The previous example has not been chosen at random. The `x + +0`

⇝ `x`

rewrite was for a (very) short time part of the development version of the
compiler, and then rapidly removed once Z3 proved its invalidity. Possibly
saving us a painful debugging session later on.

Using Z3, we have checked that all the simplifications over integer and floating-point values (involving arithmetic, bitwise and shifting operators) in the upcoming flambda 2.0 variant of the OCaml compiler are correct. More, these simplifications are correct for all integer sizes (OCaml defining 4 kinds of integers) and all rounding modes (OCaml offers no means to tweak the rounding mode, but it could be modified through an external function call).

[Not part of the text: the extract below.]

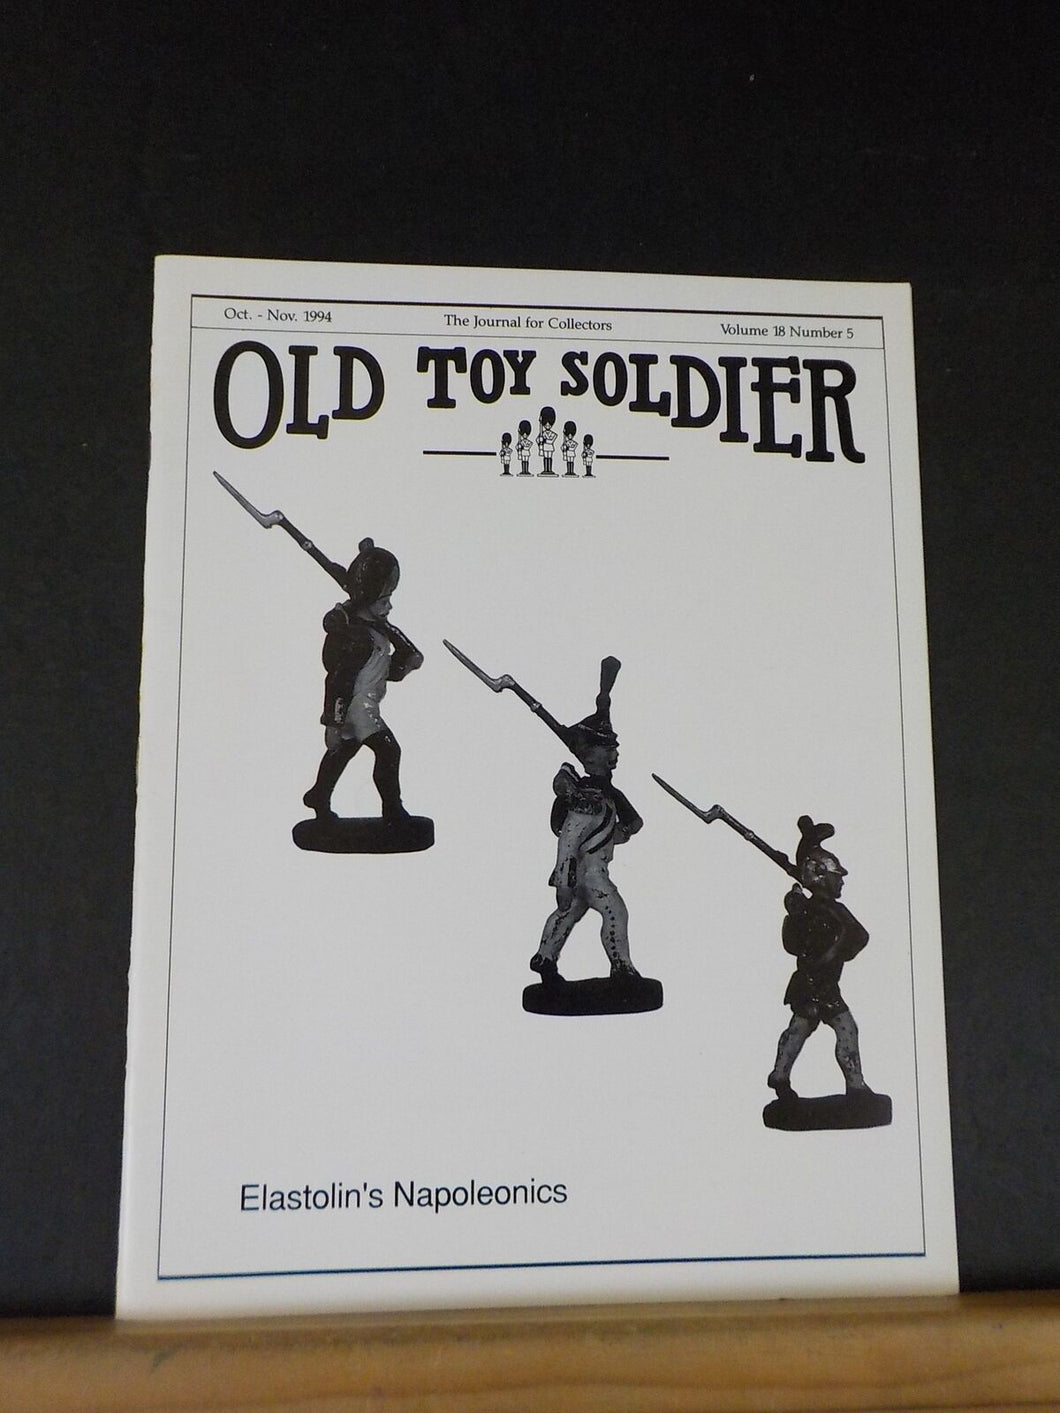 Old Toy Soldier Newsletter Vol 18 #5 1994 Oct-Nov Elastolin's Napoleonics

Eventually, we plan to use a ppx extension combined to a simple DSL in order to be able to express the properties underlying the various rewrites as mere attributes of the OCaml code actually performing the rewrites (hence ensuring that the checks and the code are kept synchronized). The simplifications for floating-point multiplication when only one operand is known would look like:

```
...
| Mul ->
if F.equal this_side F.one then
The_other_side
[@z3 check_float_binary_neutral `Mul (+1.0) `Right]
[@z3 check_float_binary_neutral `Mul (+1.0) `Left]
else if F.equal this_side F.minus_one then
Float_negation_of_the_other_side
[@z3 check_float_binary_opposite `Mul (-1.0) `Left]
[@z3 check_float_binary_opposite `Mul (-1.0) `Right]
else
Cannot_simplify
...
```

Relying on a tool such as Z3 to check whether candidate rewrites are correct is invaluable. It does not only ensure that we do not introduce (possibly subtle and hard-to-reproduce) bugs, but also paves the way to more complex rewrites. Indeed, the safety net acts as an encouragement to experiment with ideas that could be deemed too risky otherwise.

##### Further reading

*Verifying Optimizations using SMT Solvers*
(by Nuno Lopes) shows how Z3 can be used to ensure that transforms from LLVM IR
to assembly code are correct.

*What Every Computer Scientist Should Know About Floating-Point Arithmetic*
(by David Goldberg) is an in-depth lecture about floating-point representation
and operations, addressing a number of common misconceptions.